BRE Global would not comment on the leaked report when contacted by HuffPost and diverted any media queries to the Metropolitan Police Service.
The Metropolitan Police said: “Our aim is to carry out an investigation that has integrity and if it uncovers evidence that any individual or organisation is criminally culpable we want that evidence to be tested through the judicial system.
“As such we are disappointed that an interim draft report appears to have been leaked and published. To protect the integrity of the investigation the MPS will not confirm specifics of the ongoing investigation.”
The force added that “the heart of our investigation is and will continue to be the families of those who lost their lives; those for whom Grenfell Tower was home and the local community so impacted by events that night”.

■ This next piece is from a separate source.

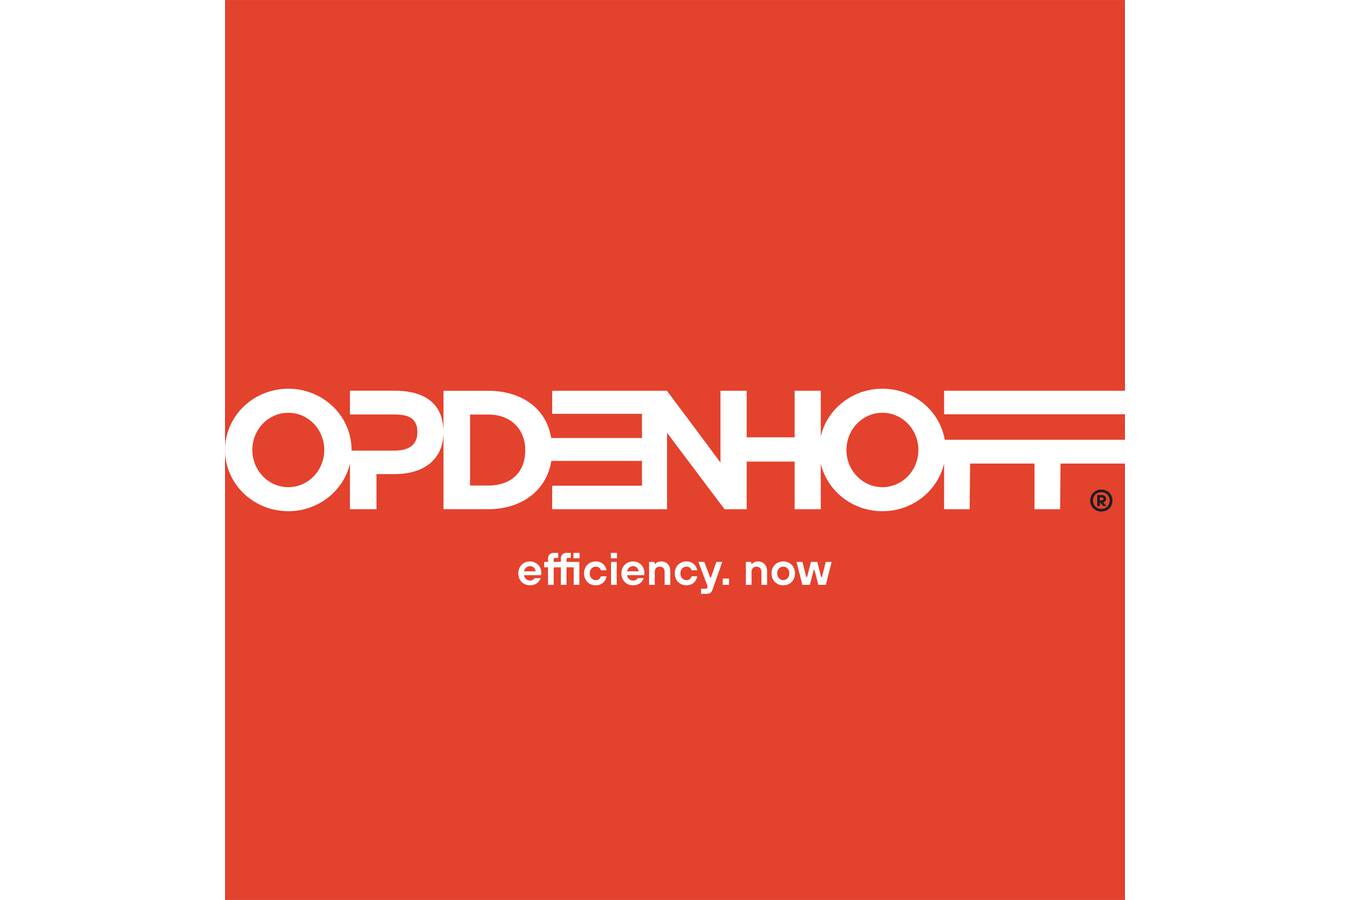 Opdenhoff sucht Elektroniker/-in für Automatisierungstechnik (m/w/d)  Bewirb dich jetzt und starte mit uns zum 01.08.2022

In a statement, Grenfell United said: “It was clear to us the refurbishment was shoddy and second rate. We raised concerns time and time again. We were not just ignored but bullied to keep quiet.”
It continued: “It’s an industry that is broken. It’s also an industry that has been allowed to get away with this behaviour.
“Six people died in a fire at Lakanal House in 2009 and the Government failed to act and make changes to regulations that would have stopped a fire like that happening again. Tonight we know people are going to sleep in homes with dangerous cladding on them.
“It is vital the police investigation and the public Inquiry uncover everything that led to the fire and that the Government now actually act so that this can never happen again.”
John Healey, shadow secretary of state for housing, said: “The terrible fire at Grenfell Tower exposed a breakdown in our system of fire-safety checks and controls. It demands a national response from Government to make sure it never happens again.
“Ten months on, it is shameful that only seven other tower blocks with dangerous cladding have had it replaced. Ministers need to stop sitting on their hands, and act urgently to help fund essential fire safety work in tower blocks that they know are dangerous.”